*Required action*: Taking the entries below, transcribe only the lines starting with the one with "Chris Craft Cabin" and going on through the one with "Former NFL player", exactly as written, without the pictures.

*Records for this exercise*:
----
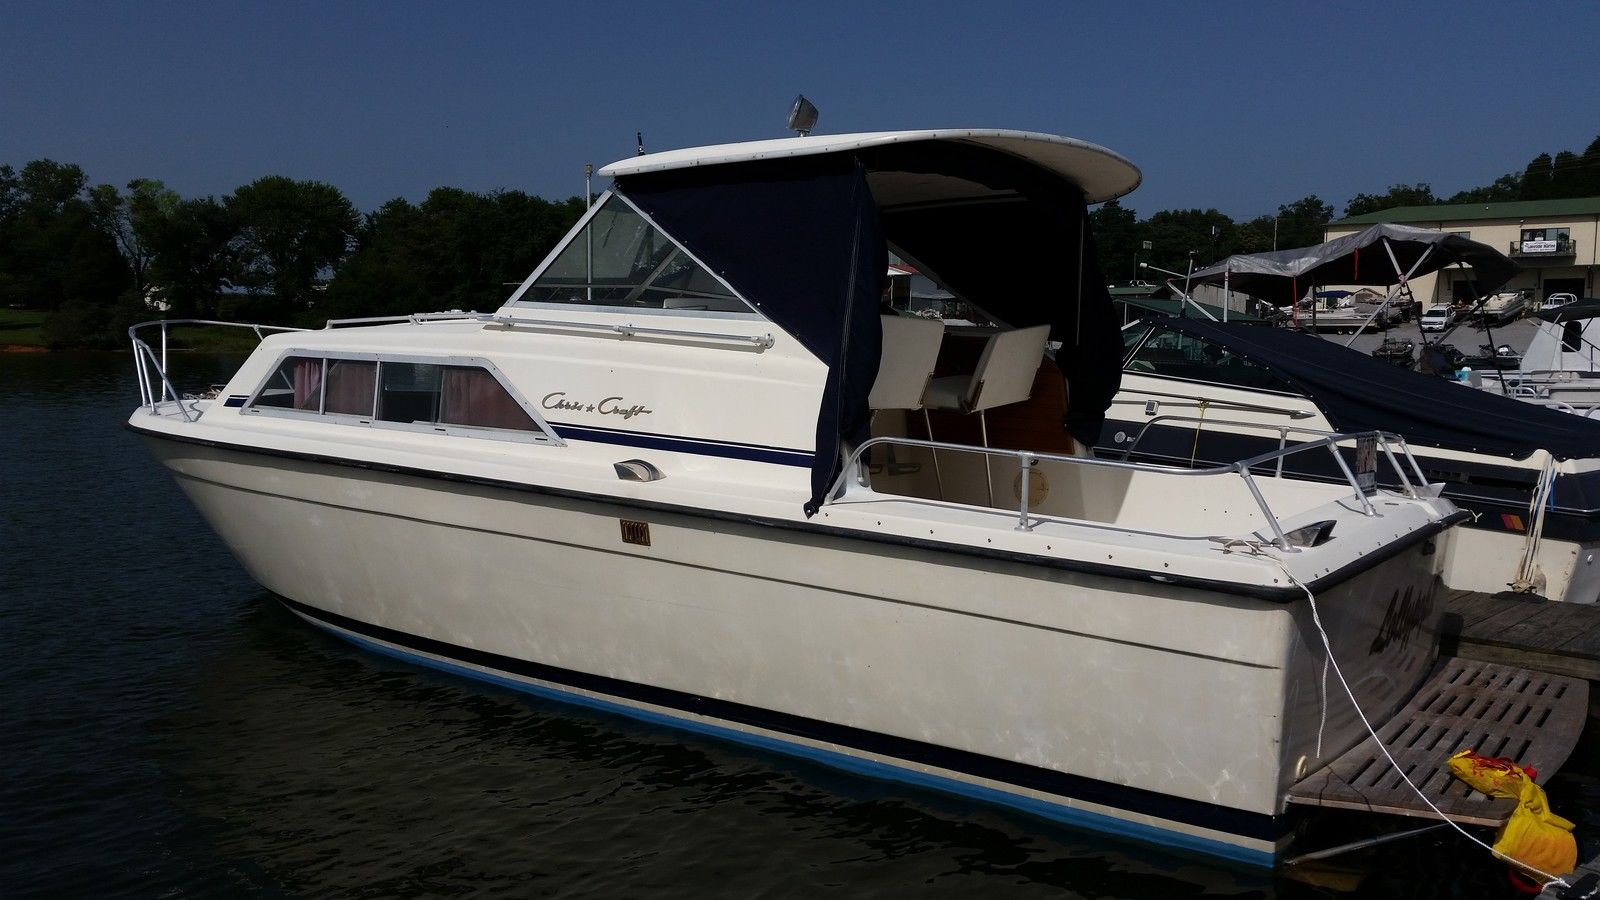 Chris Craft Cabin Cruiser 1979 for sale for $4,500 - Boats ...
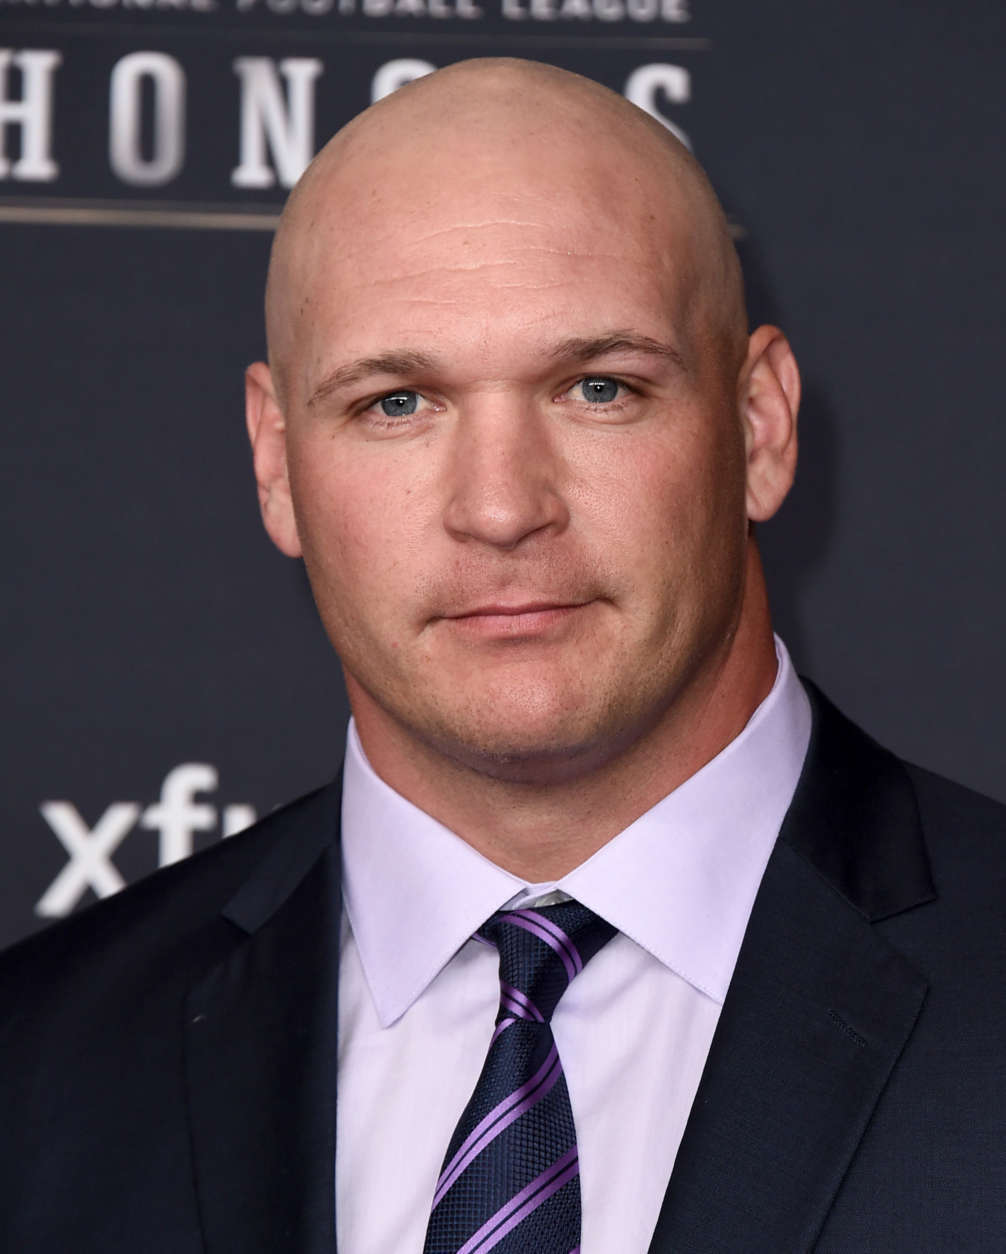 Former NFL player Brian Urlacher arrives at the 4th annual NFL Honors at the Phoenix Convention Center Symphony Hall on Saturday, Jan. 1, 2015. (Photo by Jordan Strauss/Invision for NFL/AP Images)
----
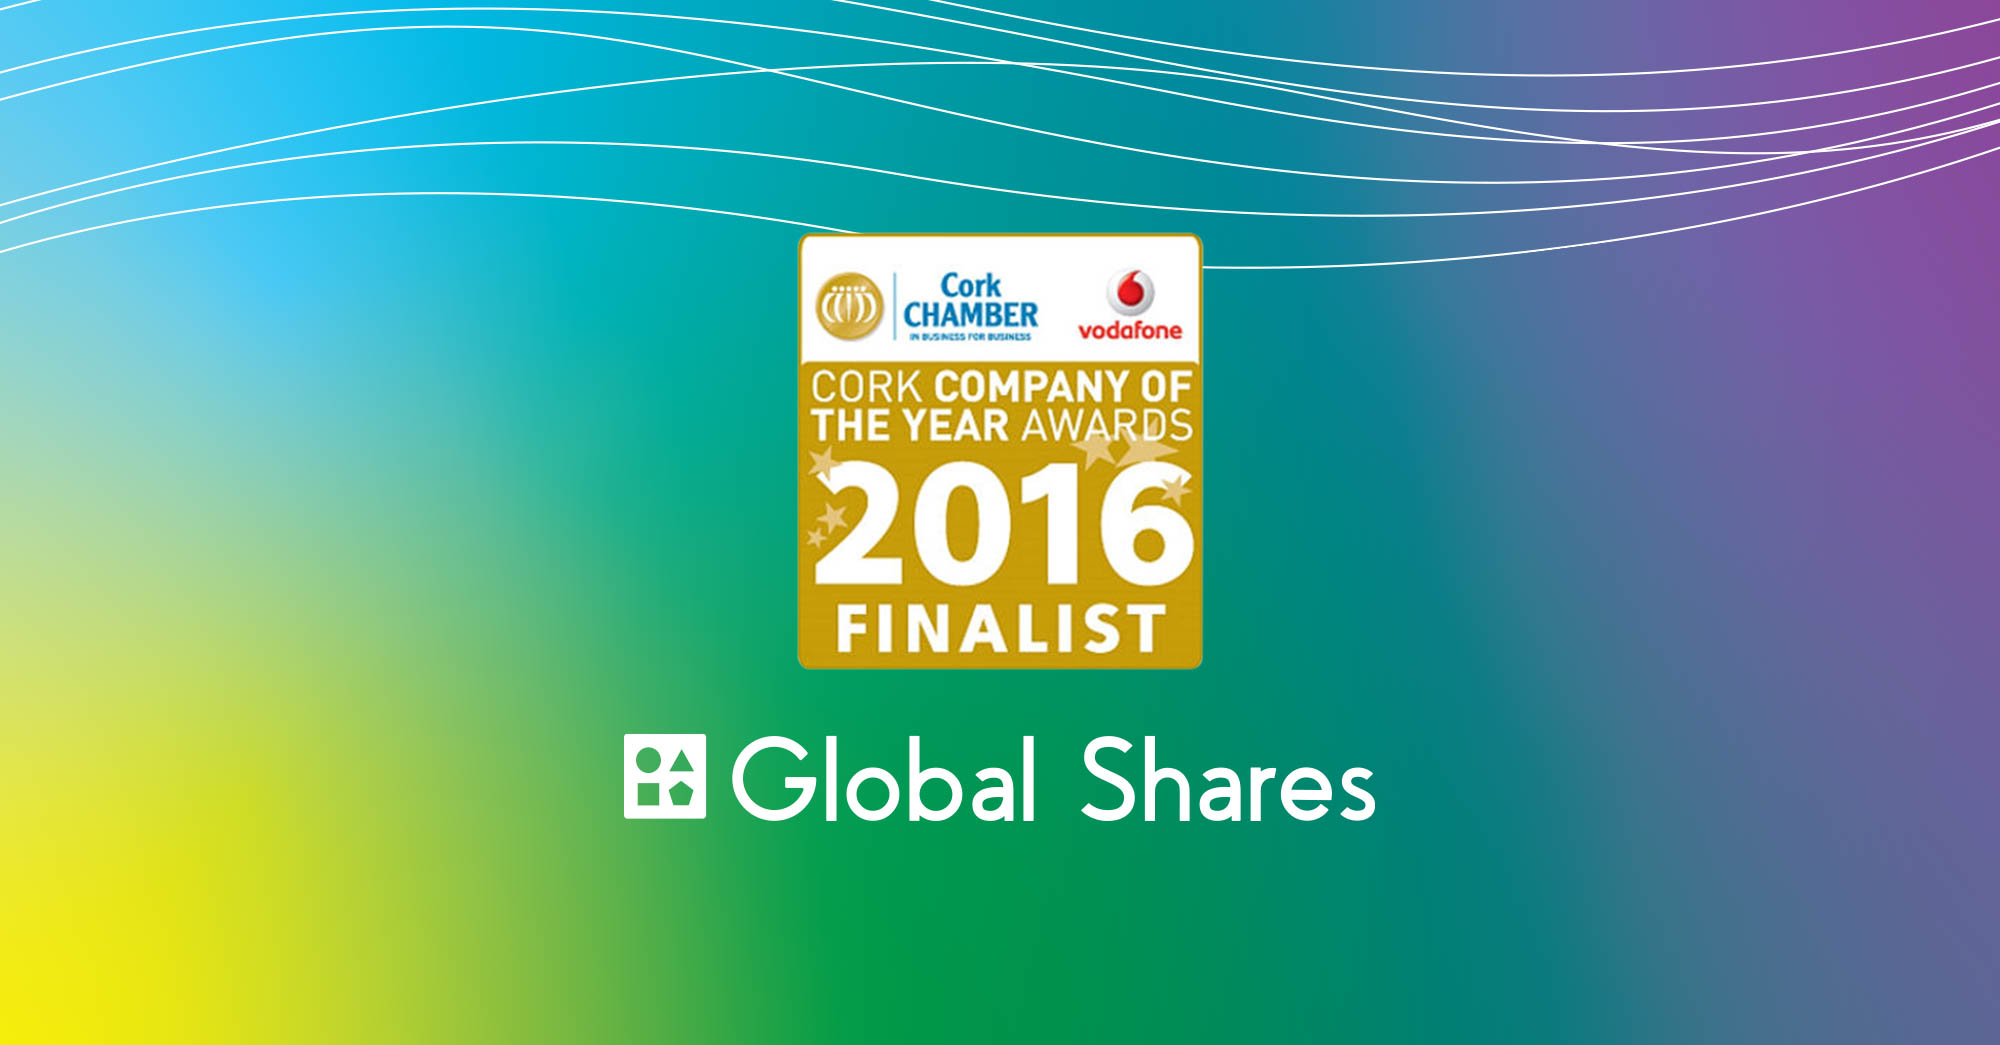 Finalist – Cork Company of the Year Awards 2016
----
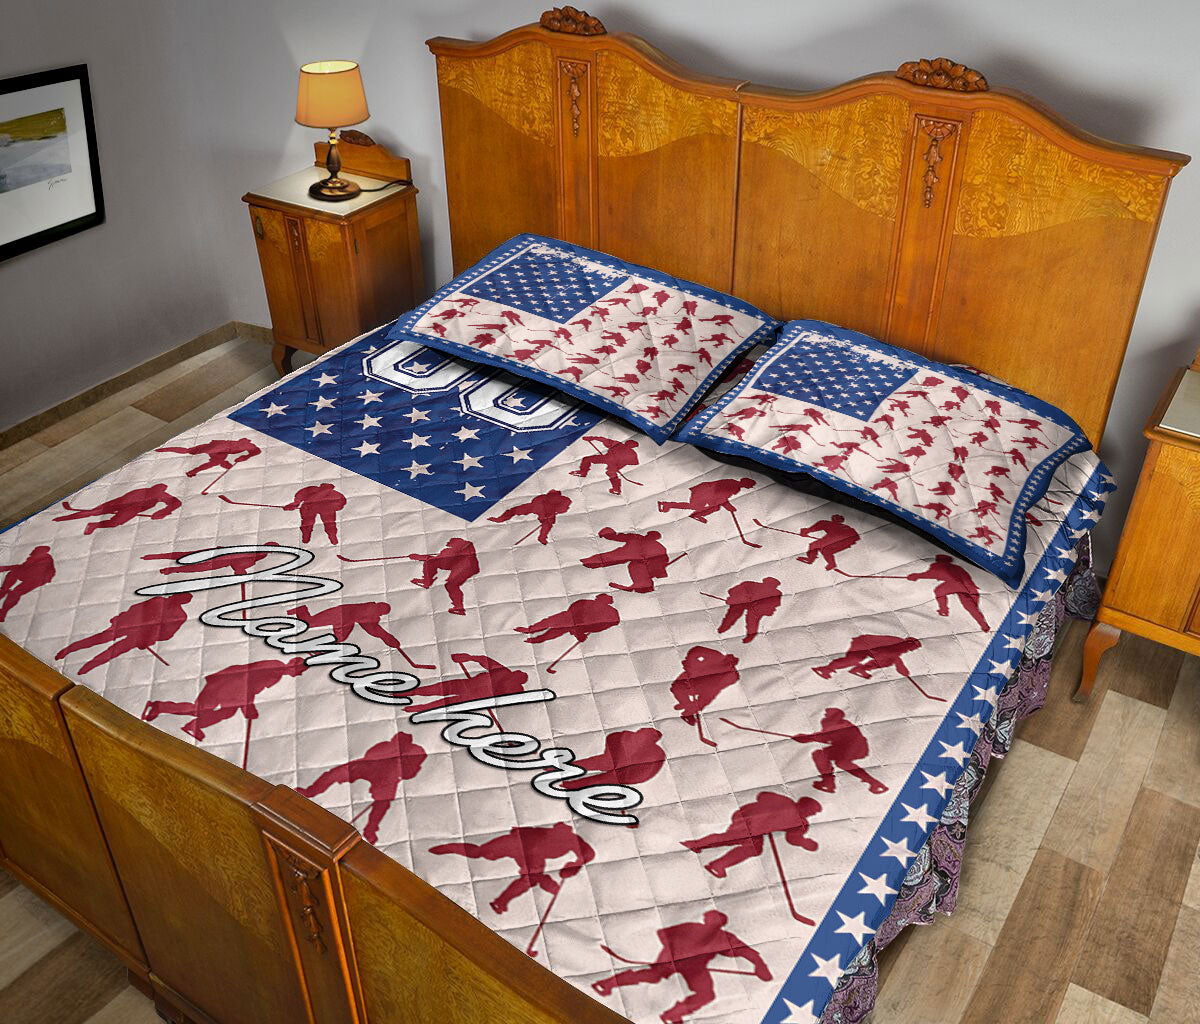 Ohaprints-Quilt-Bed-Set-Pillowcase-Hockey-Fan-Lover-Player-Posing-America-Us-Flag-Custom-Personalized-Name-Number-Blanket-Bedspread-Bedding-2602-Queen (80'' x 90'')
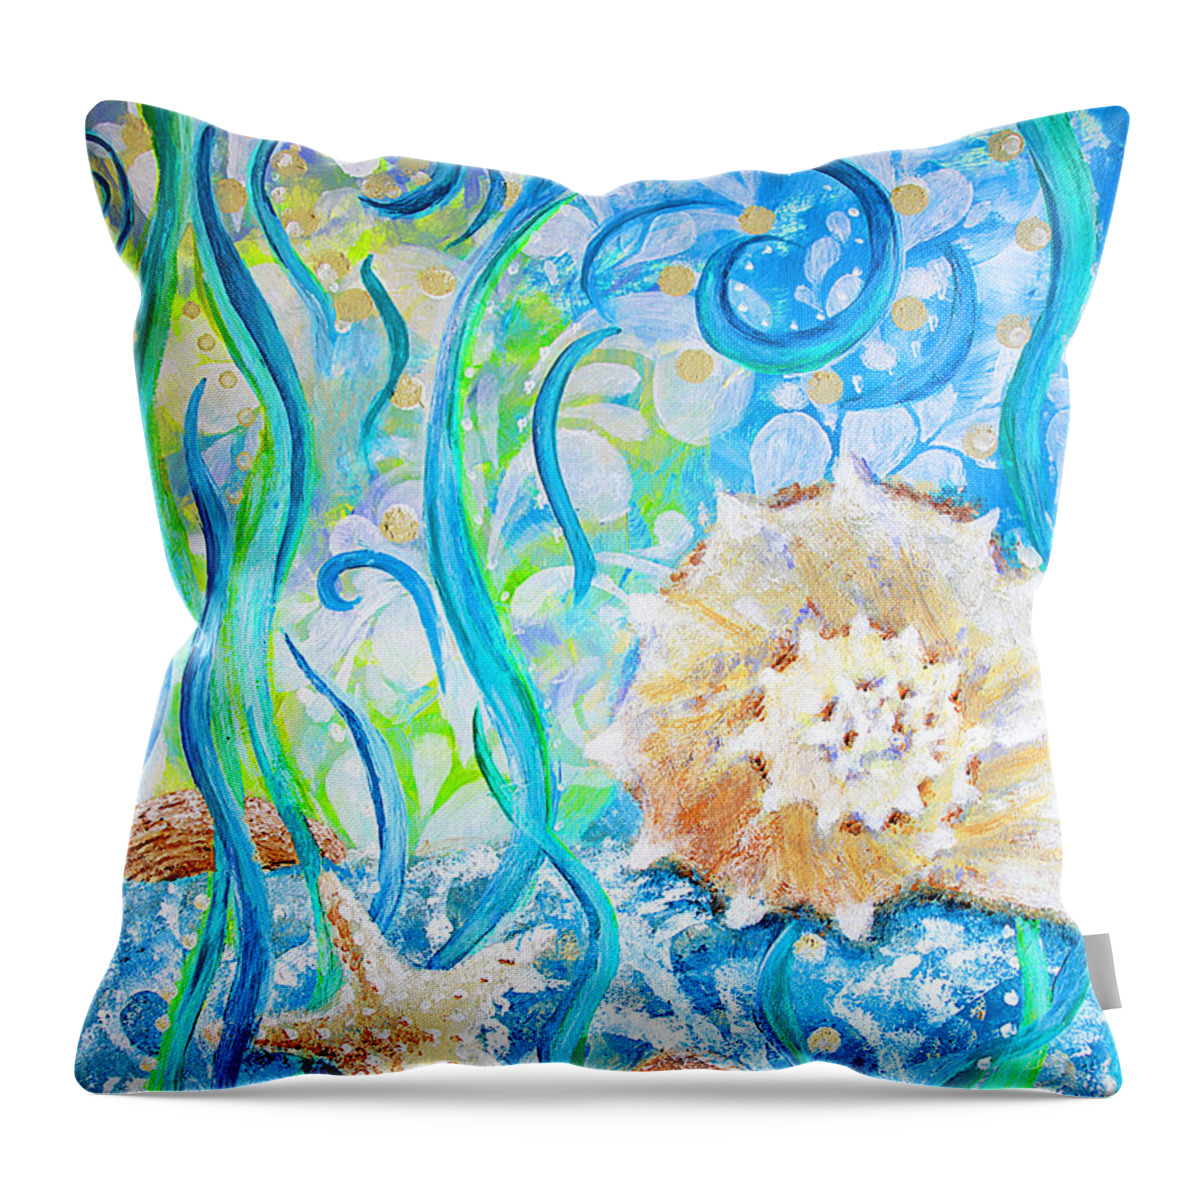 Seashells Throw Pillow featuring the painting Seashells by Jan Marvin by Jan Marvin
----
*Exercise answer*:
 Chris Craft Cabin Cruiser 1979 for sale for $4,500 - Boats ...
 Former NFL player Brian Urlacher arrives at the 4th annual NFL Honors at the Phoenix Convention Center Symphony Hall on Saturday, Jan. 1, 2015. (Photo by Jordan Strauss/Invision for NFL/AP Images)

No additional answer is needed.